# Super cheap source of funnel pitchers



## gigisiguenza (Sep 25, 2015)

After seeing these funnel pitchers in TVivian's video, I did a web search and found an insanely cheap source - under 2.50 each for a 28oz (3.5 cups) narrow funnel spout pitcher!. I mean total out the door, shipping and all, it cost 16 bucks for 5 of them. And they've already shipped them, barely hours after placing the order.

It's a place called Midland Hardware and here is a link to the page
 http://www.midlandhardware.com/166982.html#.VgXRwsoo4v4


----------



## lionprincess00 (Sep 25, 2015)

Just bought 5 as well...Thx :/ enabler!


----------



## gigisiguenza (Sep 25, 2015)

LOL you're welcome.... I just couldn't believe the price and had to share


----------



## lionprincess00 (Sep 25, 2015)

I've tapered off my purchases the past several months, but that seemed very cheap and I made an impulse buy

Thx for the link!


----------



## gigisiguenza (Sep 25, 2015)

Yw and I buy very little beyond the necessary basics due to very restricted budget, but I couldn't pass them up either


----------



## osso (Sep 25, 2015)

Thanks for sharing


----------



## makemineirish (Sep 25, 2015)

I just placed my order for SEVEN.  Thanks for the tip : )


----------



## gigisiguenza (Sep 25, 2015)

Lol the supplier is gonna wonder what the heck hahaha


----------



## CTAnton (Sep 25, 2015)

what a deal! I thought today was going to be a no spend day,oh well....I'll order it TOMORROW!


----------



## not_ally (Sep 25, 2015)

That *is* a great price, Gigi.  Good for you for finding and sharing, I wish I'd seen this before I bought mine!


----------



## gigisiguenza (Sep 25, 2015)

Ally I couldn't believe the price, thought they were going to kill me on shipping to make up for it, but nope, shipping is cheap too. Couldn't pass it up... glad folks are able to take advantage of it too


----------



## lenarenee (Sep 26, 2015)

Thank you for sharing this!  I've needed new ones for months as my Wal Mart ones have long lost their measurement markings. 6 pitchers and shipping...$20!

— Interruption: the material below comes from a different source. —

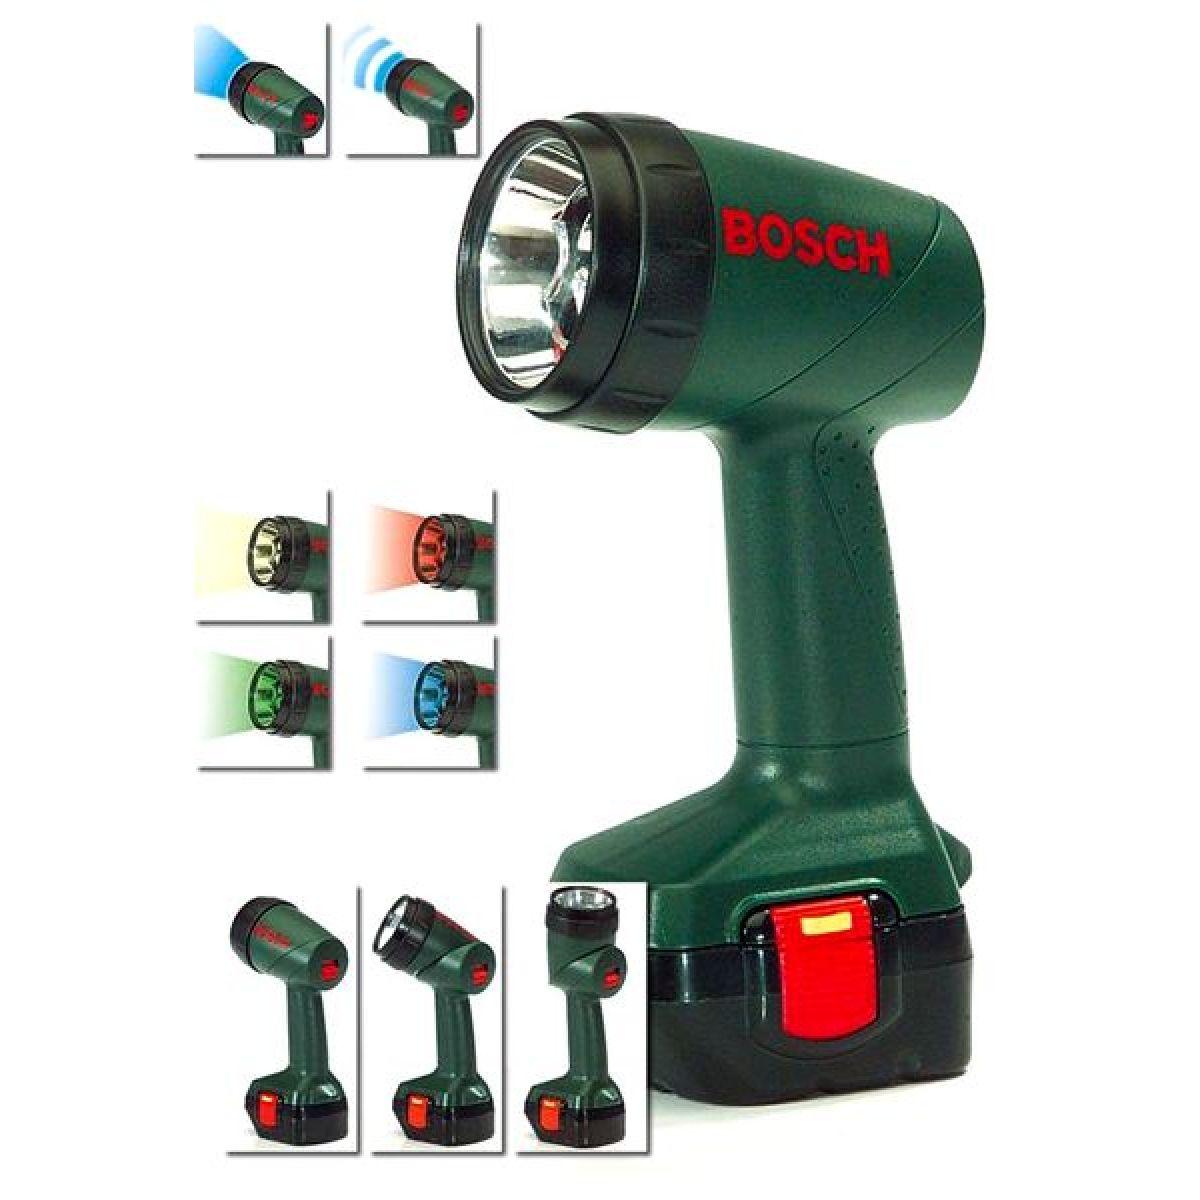 Klein 8448 - Bosch svítilna
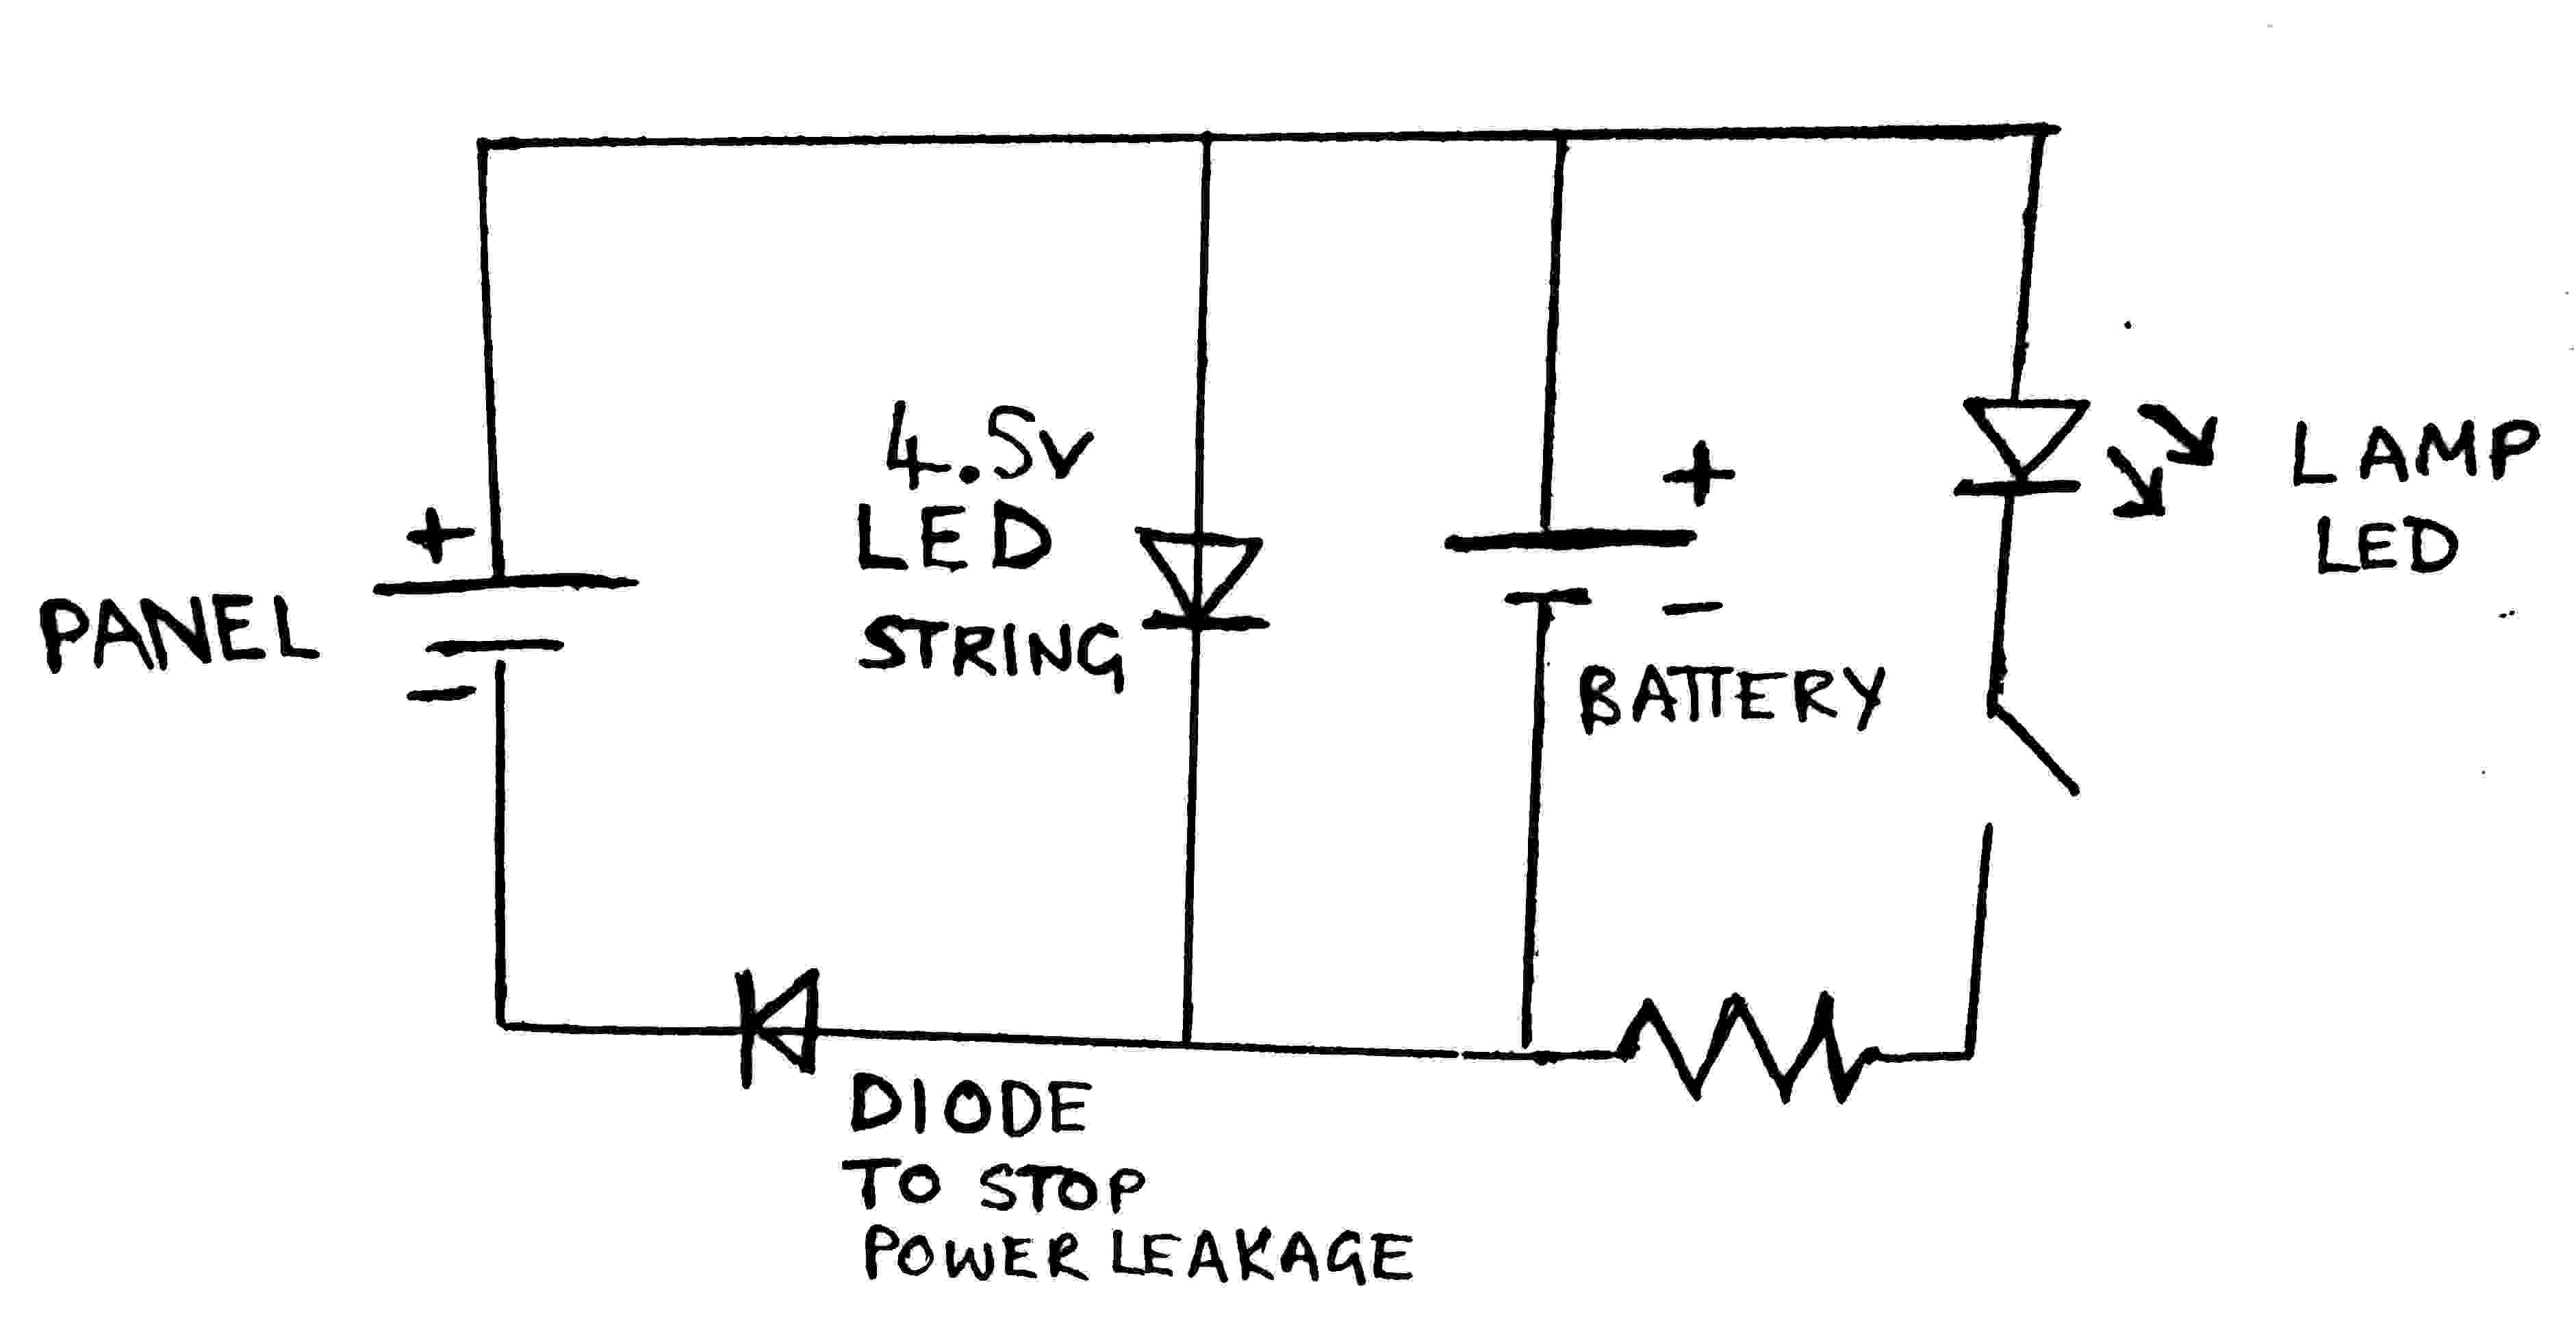 Solar Led Light Circuit Diagrams led Bulb Circuit Wiring Diagram Ponents

Now I need a new mixing bowl...something that can hold 4lbs of batter without room to spare (to reduce splatters).


----------



## rparrny (Sep 27, 2015)

Ordered 5 myself, thank you so much for the heads up!


----------



## gigisiguenza (Sep 27, 2015)

lenarenee said:


> Thank you for sharing this!  I've needed new ones for months as my Wal Mart ones have long lost their measurement markings. 6 pitchers and shipping...$20!
> 
> Now I need a new mixing bowl...something that can hold 4lbs of batter without room to spare (to reduce splatters).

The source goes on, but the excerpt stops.